Some African Americans and Haitians are Kongolese descendants. Kongolese and their descendants participated in the Stono Rebellion in South Carolina and the Haitian Revolution. Historians believe they were partly inspired by Kongolese prophetess Dona Beatriz Kimpa Vita, known for her Antonian religious movement and attempts to unify the Kingdom of Kongo.

Also, not everyone left on the continent is a descendant of slave traders. The idea that every current-day West African is a beneficiary of the slave trade or descendant of slave traders is a gross and harmful generalization not grounded in history or reality. Most people had no control over the trade and were victims themselves. Many today are also descendants of enslaved people. And while we were brutally enslaved in the Americas, many of these African empires and nation-states that we derive from (that also participated in the slave trade) were being colonized and enslaved by the same Europeans that brought us to the Americas. However, the "Africans sold us" narrative positions a false "us against them" dichotomy that positions African descendants in the Diaspora as entirely separate from past slave trading societies and current-day African societies.

The Lie of the “African Betrayal Model”

Sylviane A. Diouf refers to this as the "Black betrayal" or "African betrayal model" and outlines its problematic assumptions: 

Later generations developed the black betrayal model. It is no more historically true than the one it replaced. As has been evidenced elsewhere, the concepts of Africa, Africans, blackness, whiteness, and race did not exist in Africa, and they cannot be utilized today to assess people's actions at a time when they were not operative (Eltis 2000, 150; Inikori, this volume). 

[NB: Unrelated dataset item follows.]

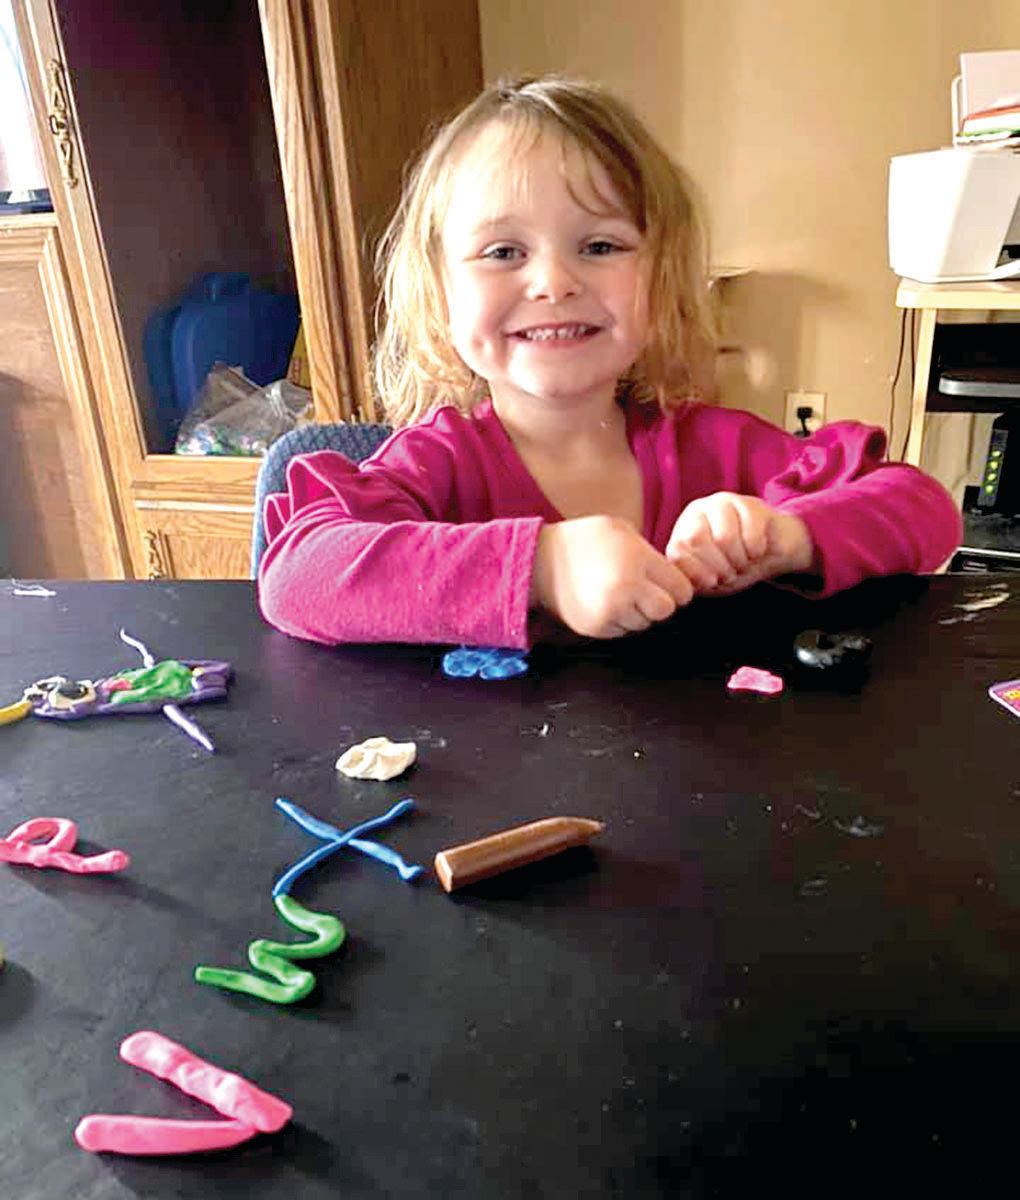 Rylee Sneller plays with ABCs and monsters made of clay.

In addition, for this paradigm of continental Africans' collective culpability — quite a dangerous and devious concept anyway — to make sense, it has to be based on the (inaccurate) belief that the slave trade removed only people who had no parents, spouses, children, and friends; that it did not kill, wound, or mutilate more people in Africa than it deported overseas; that there were never any shifts in the military balance of power; that only certain populations were victimized to the exclusion of others; and that those who became captives had never been involved in wars, raids, or abductions that had resulted in the deportation and enslavement of others. With the sharp increase in African immigration, the African betrayal model has found new vigor. Contemporary Africans are frequently accused by some African Americans of having "sold us" and are expected to apologize. (xiv-xv)

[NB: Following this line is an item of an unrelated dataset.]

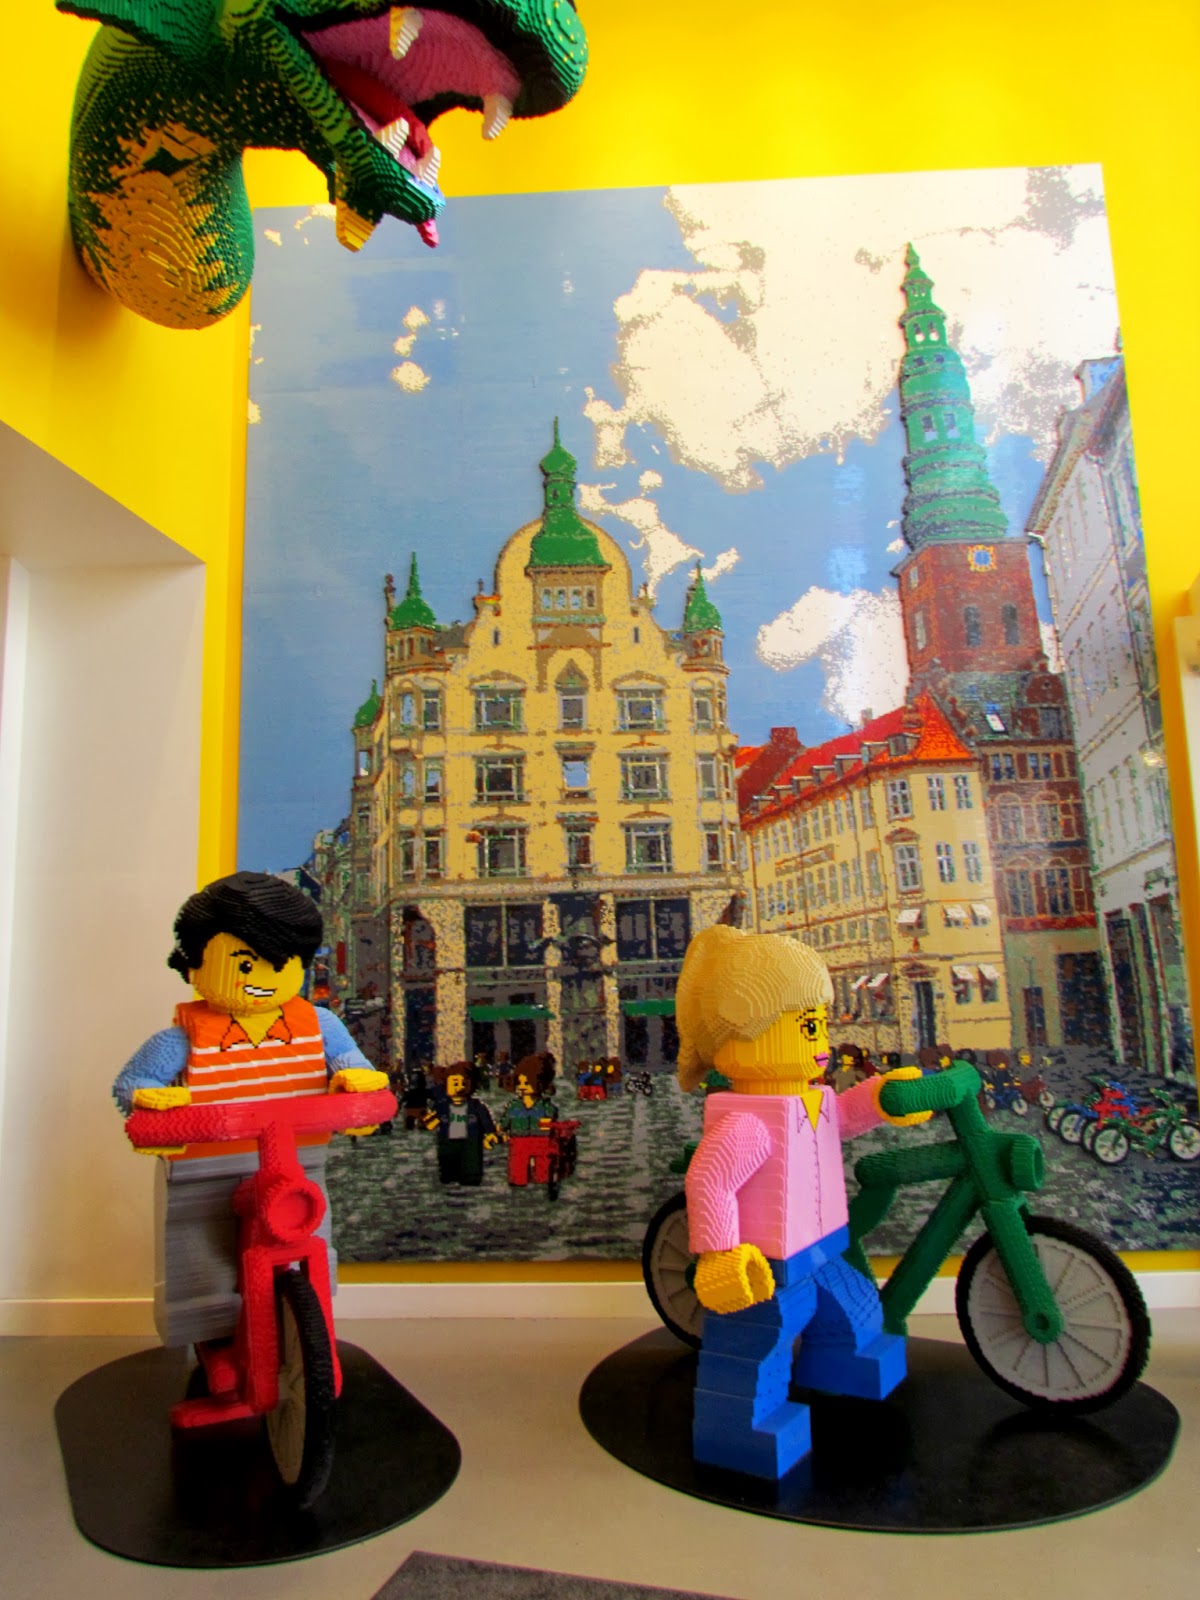 the mural on the wall of copenhagen is entirely made up of lego s

The truth is much more complex than "they sold us" and "us against them.” Africans and African descendants were harmed both on the continent and in the Diaspora. No one group of people among us were the victims, captors, or saviors. African history deserves complexity and depth, critical thinking, and interrogation beyond surface-level discourse. Refusing to recognize these complex histories and minimizing them denies the humanity of our ancestors. It repeats the anti-Black, white supremacist belief that we are innately evil and weak and in need of European salvation. There are ways to discuss accountability and healing concerning various African ethnic groups and roles in the slave trade. However, many discussions are now rooted in falsehoods, generalizations, bigotry, and Afrophobia. We can tell the whole story without letting ourselves be used in the service of white supremacy. 

Every time "the Africans sold us” narrative is raised, it is used back against us to deny reparations. It's already happening in the United States and Britain as Western Conservatives stay on script by saying that Africans were the first enslavers and "a Black man was the first slave owner in America, so why are they owed reparations?" Mark my words: It's already happening. Thus, it is vital to approach this topic with clarity and care. Otherwise, the “The Africans sold us” narrative is just another tool for ahistorical anti-Black propaganda that benefits none of us while it definitely benefits those against us.